Beans and wieners. Here's how I make my beans fantastic:

I often dice up a chunk of onion and fry it up in the pan beforehand, or with the sliced up wiener/sausage.

I use beans in tomato sauce, YMMV, one can to two/three wieners. I have a pack of frozen wieners in the freezer and just break a few off with a knife, then slice them up in 1/4 - 1/2 inch pieces.

add a teaspoon of yellow mustard (not powder but prepared mustard).

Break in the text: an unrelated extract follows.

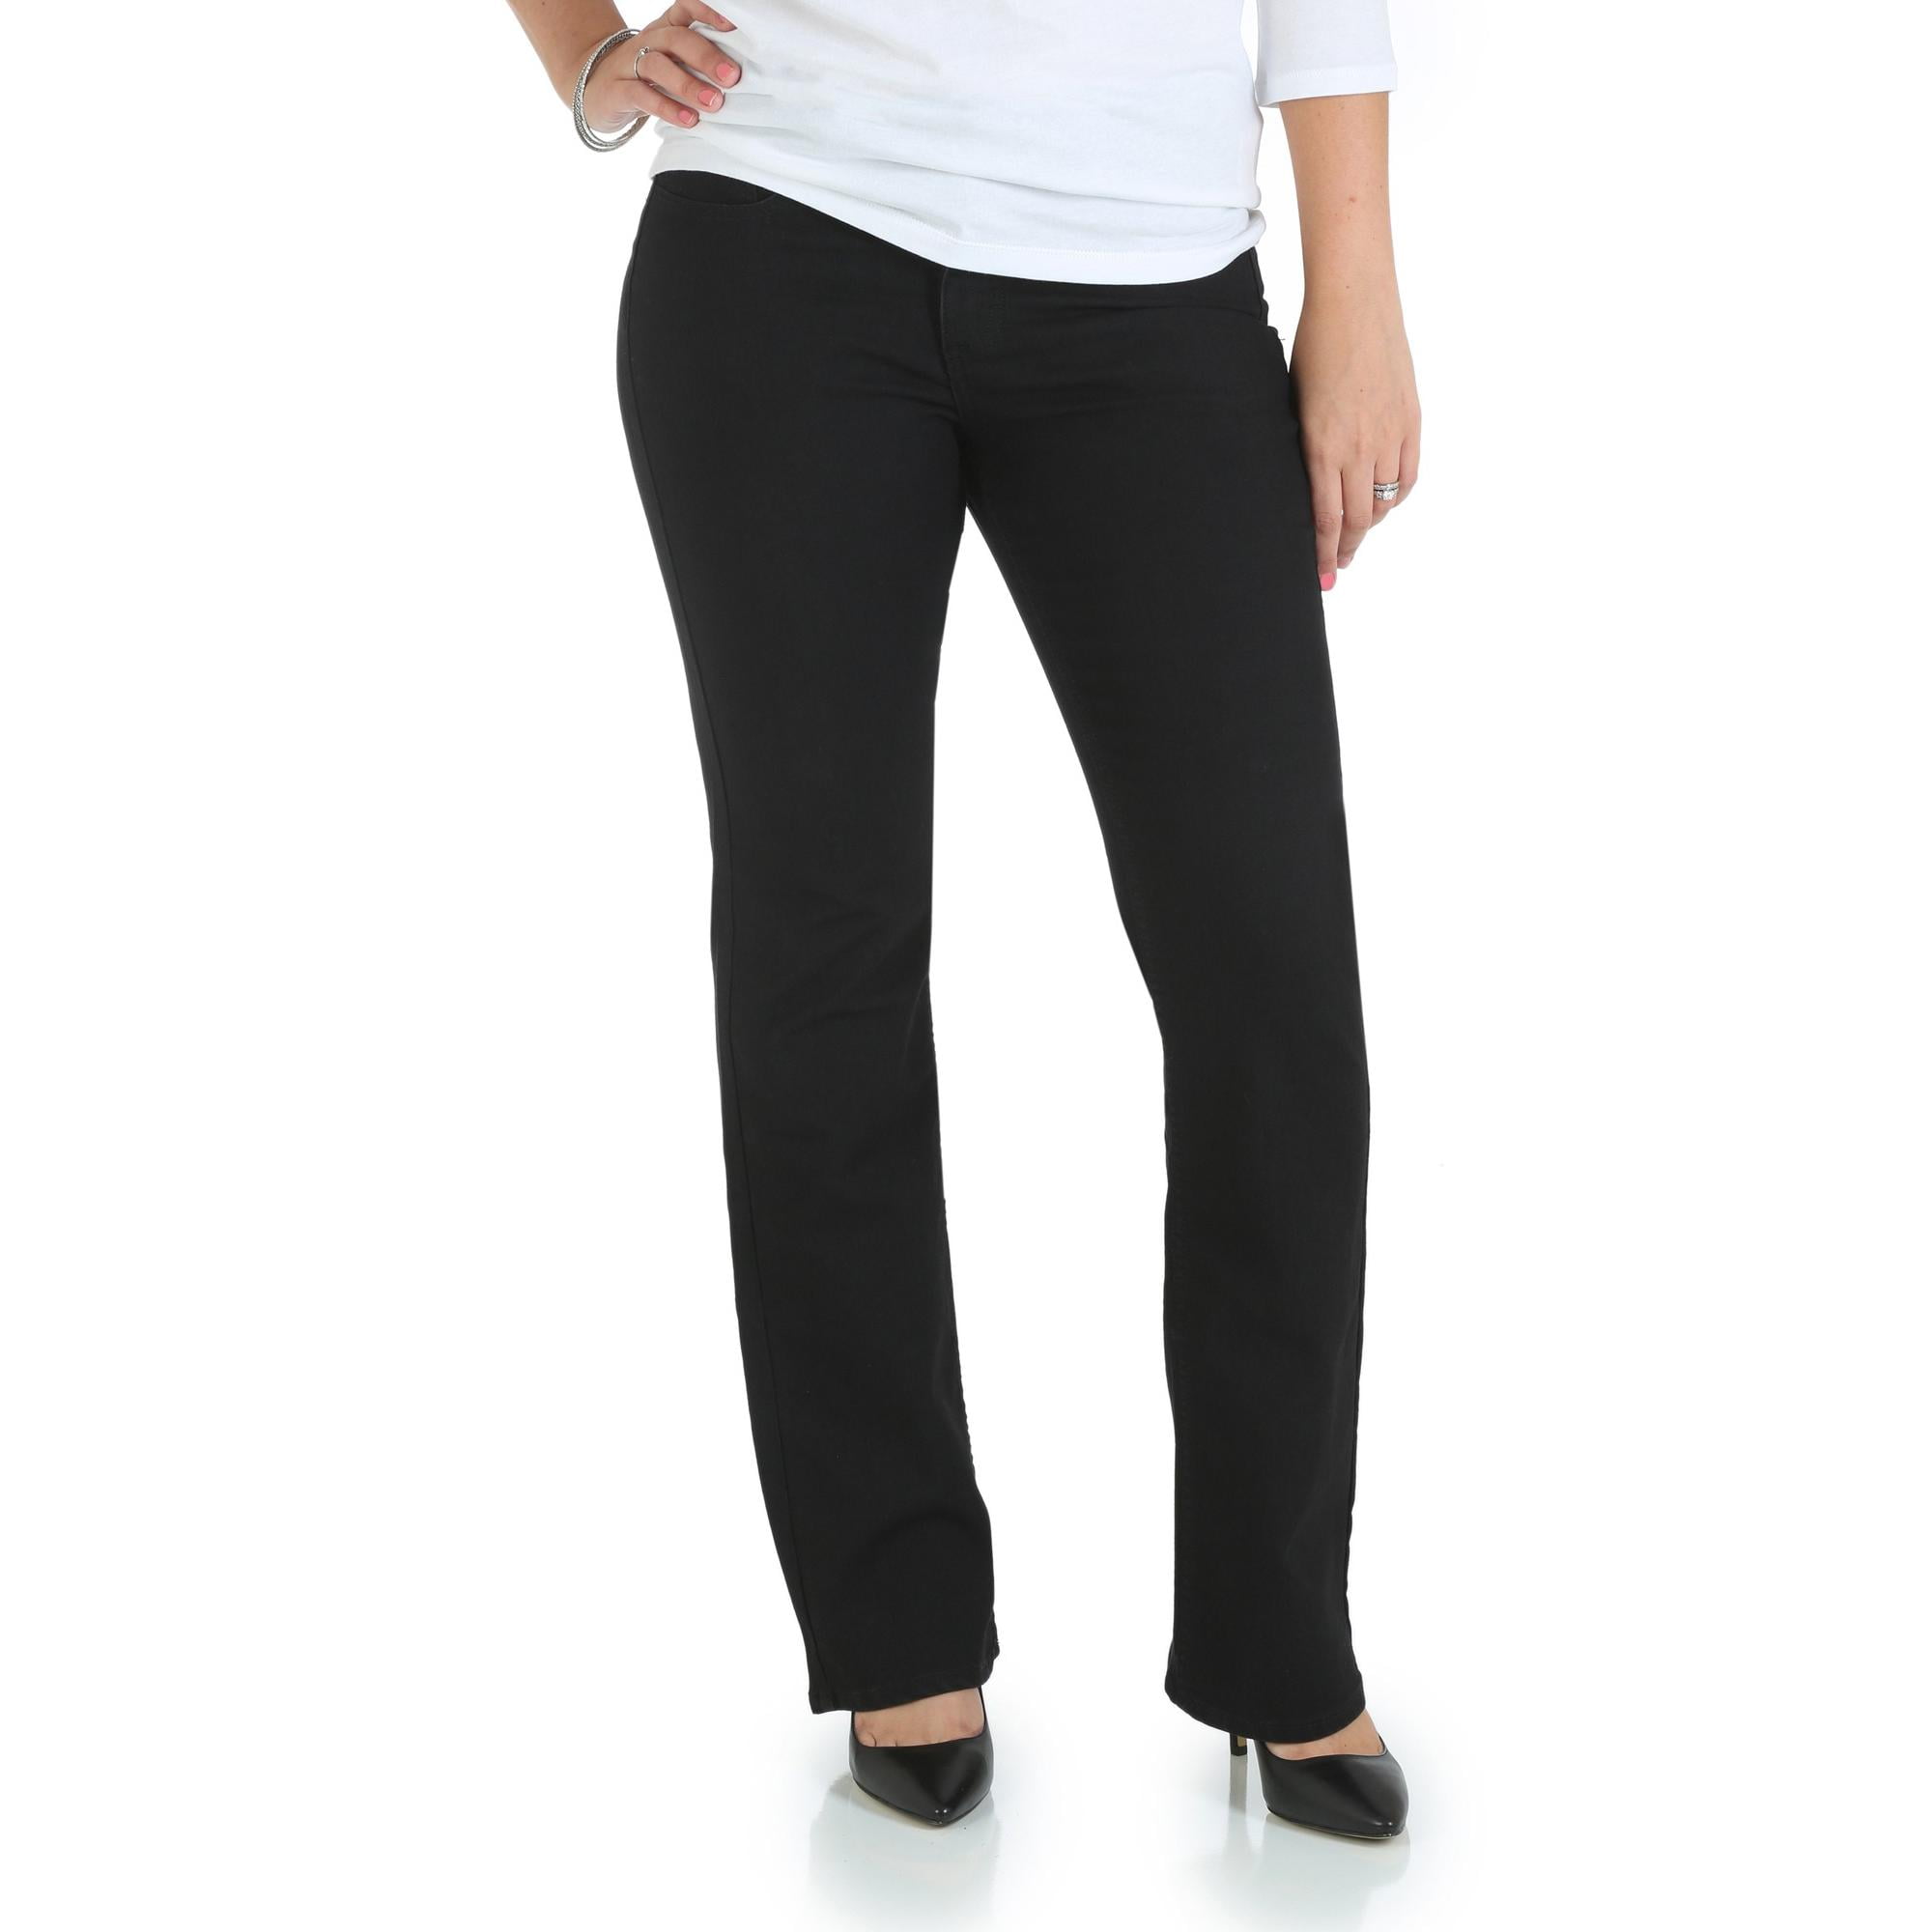 lee classic fit womens jeans

add a teaspoon of bbq sauce

bring to a boil and keep stirring until the beans are mushy. I like my beans to be pasty. If you want something more substantial, toast a slice of bread and spread the mixture on top of the bread.
posted by furtive at 7:19 PM on January 2, 2006

Chipolte Pasta:
1 or 2 chipolte peppers in adobo sauce (from the can)
~3 tbsp of nuts
~3 tbsp of olive oil
cover with grated parmesant cheese.
Blend together in a handheld mini-blender, just a bit, you don't want to destroy the nut's texture.
Pour and mix on some aldentee spagetti.

It tastes like: oh my god it's hot! but god it's good! but damn it's hot! but so good. etc
posted by gmarceau at 7:21 PM on May 13, 2006

A cheap and simple side dish is frozen vegetables that have been heated (or fresh vegetables if you're real smart) with a cup of salsa added to them.